TASK BRIEF: Leave the images out and repeat the data exactly as given.
Start of PROVIDED DATA
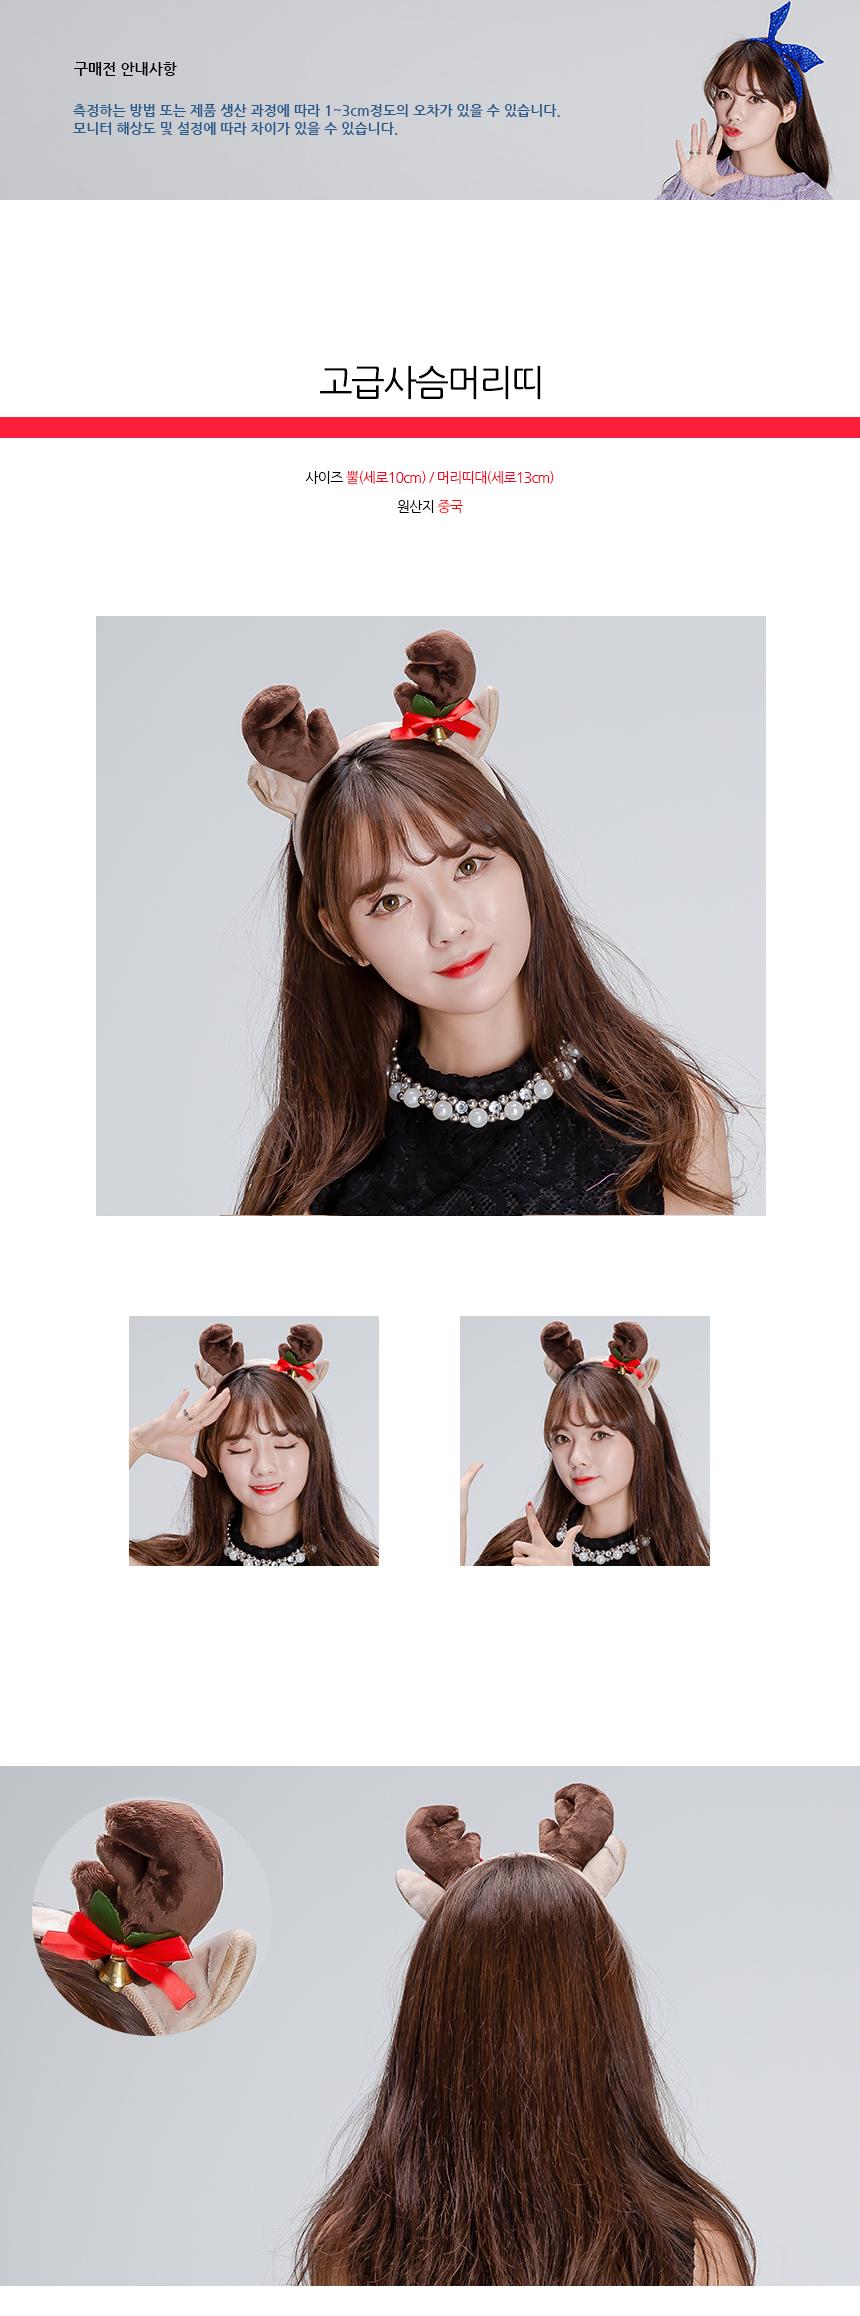 고급사슴머리띠 - 파티스토리, 4,000원, 파티의상/잡화, 머리띠/머리장식/가발
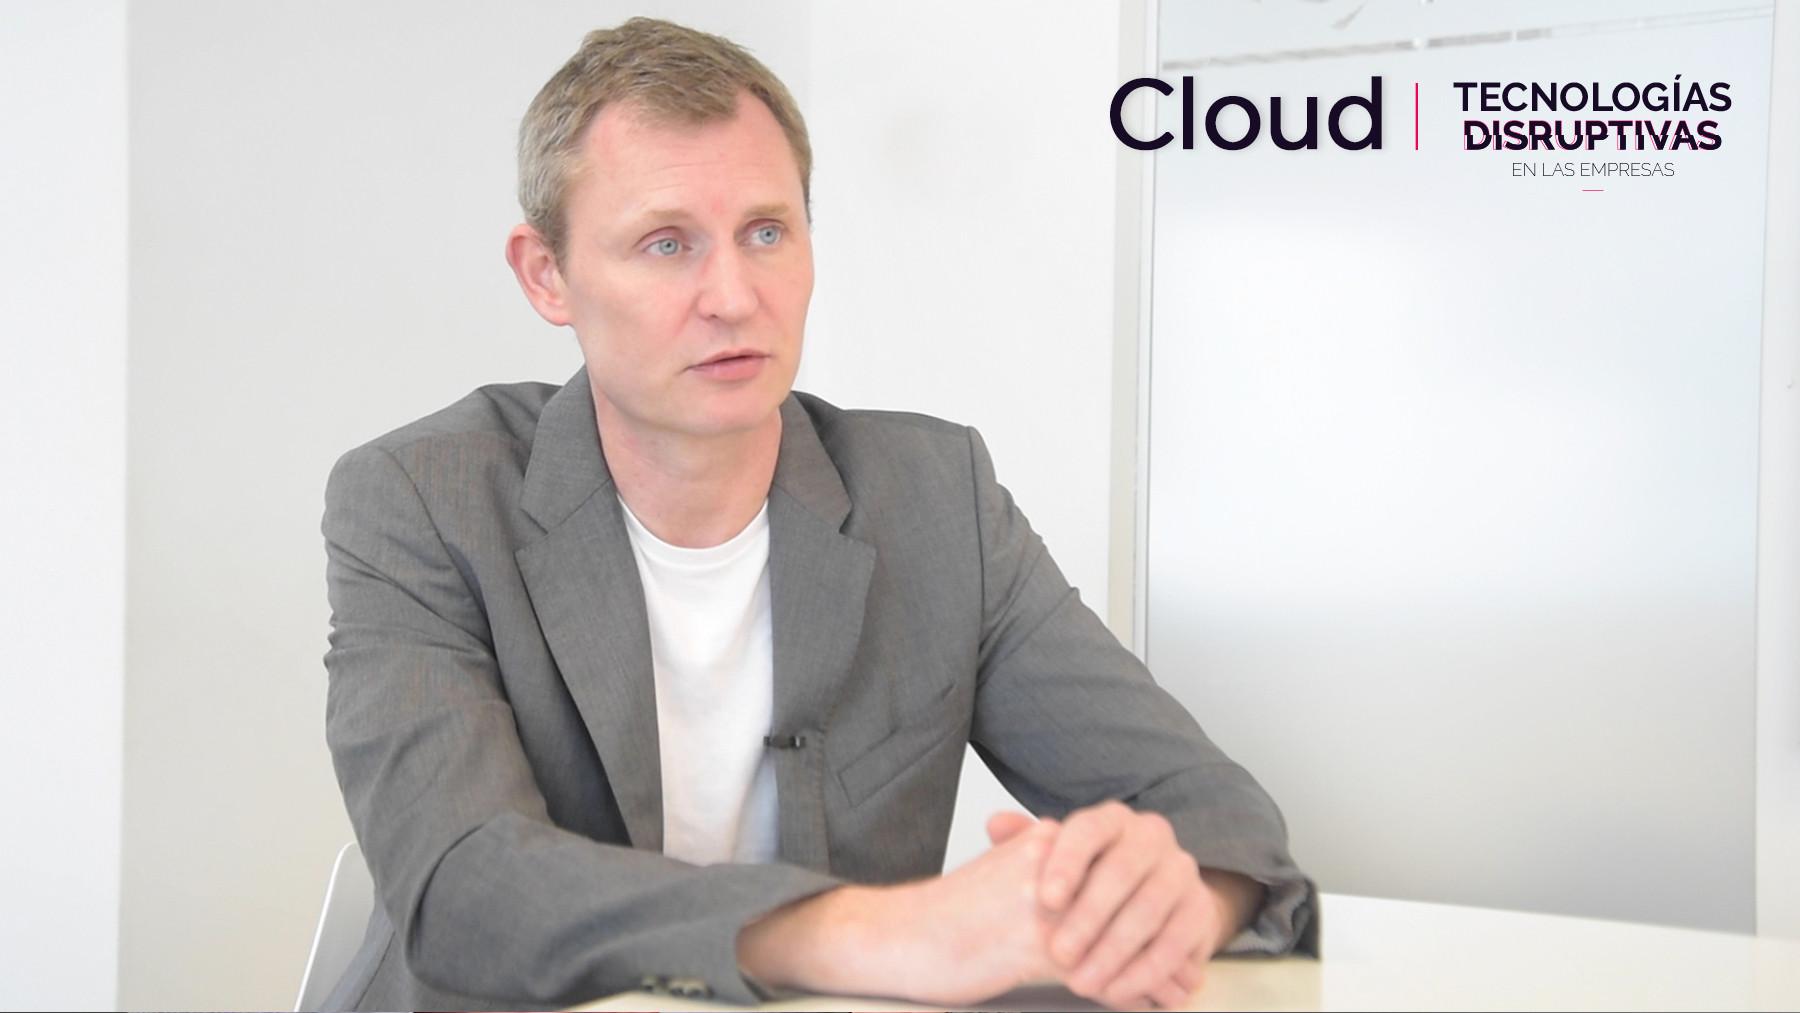 Tecnologías Disruptivas: los beneficios de la nube se extienden más allá del área de TI
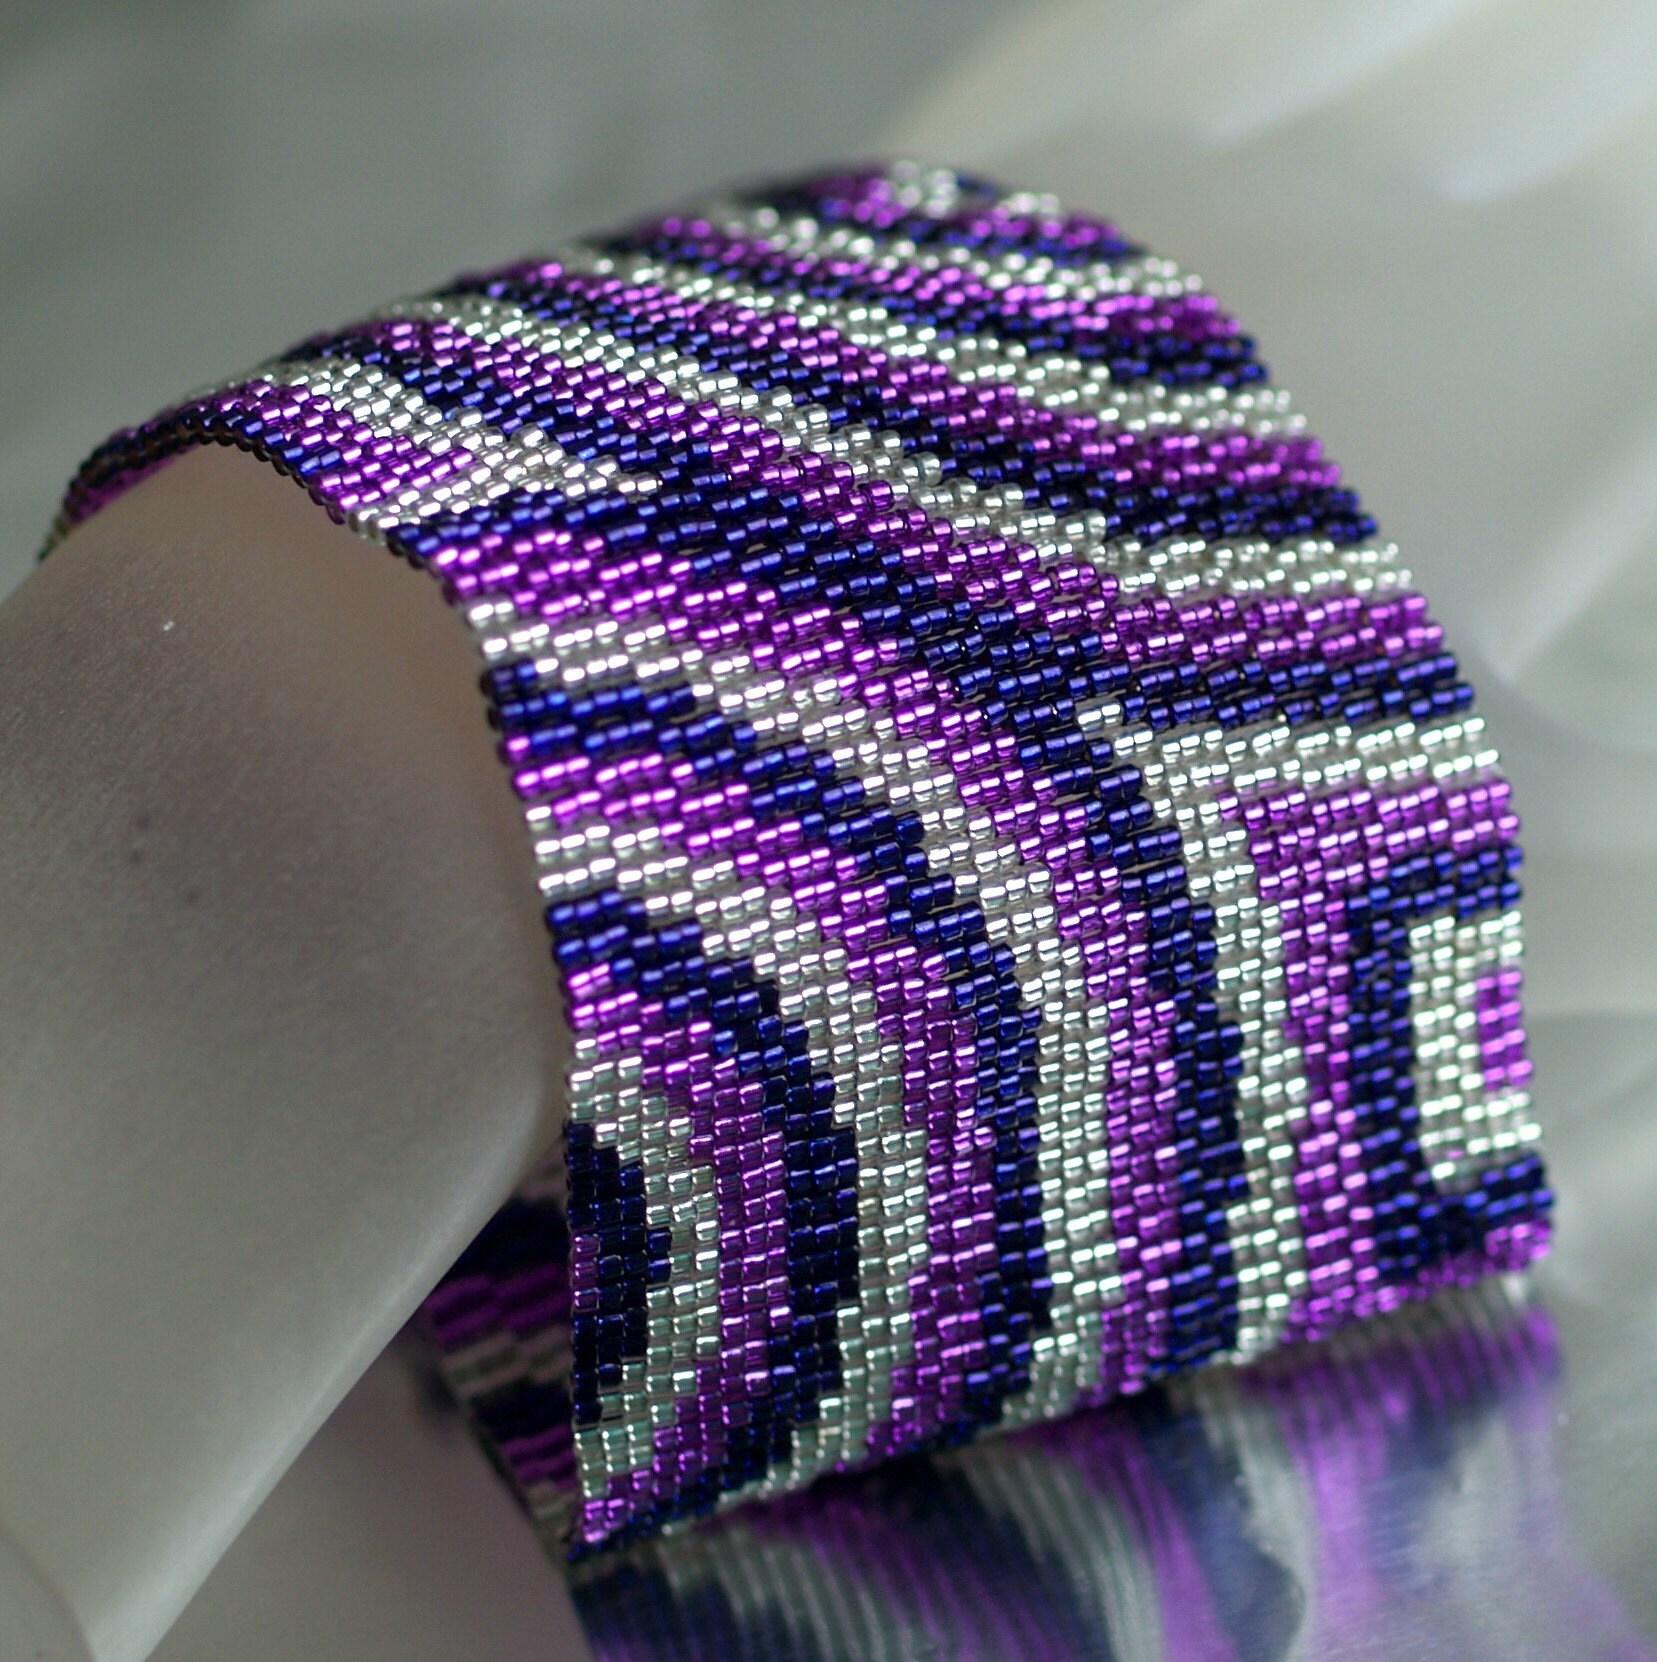 Concentric - Super Wide Peyote Cuff in Passionate Purple (3114)
End of PROVIDED DATA
WRITTEN SOLUTION:
 고급사슴머리띠 - 파티스토리, 4,000원, 파티의상/잡화, 머리띠/머리장식/가발
 Tecnologías Disruptivas: los beneficios de la nube se extienden más allá del área de TI
 Concentric - Super Wide Peyote Cuff in Passionate Purple (3114)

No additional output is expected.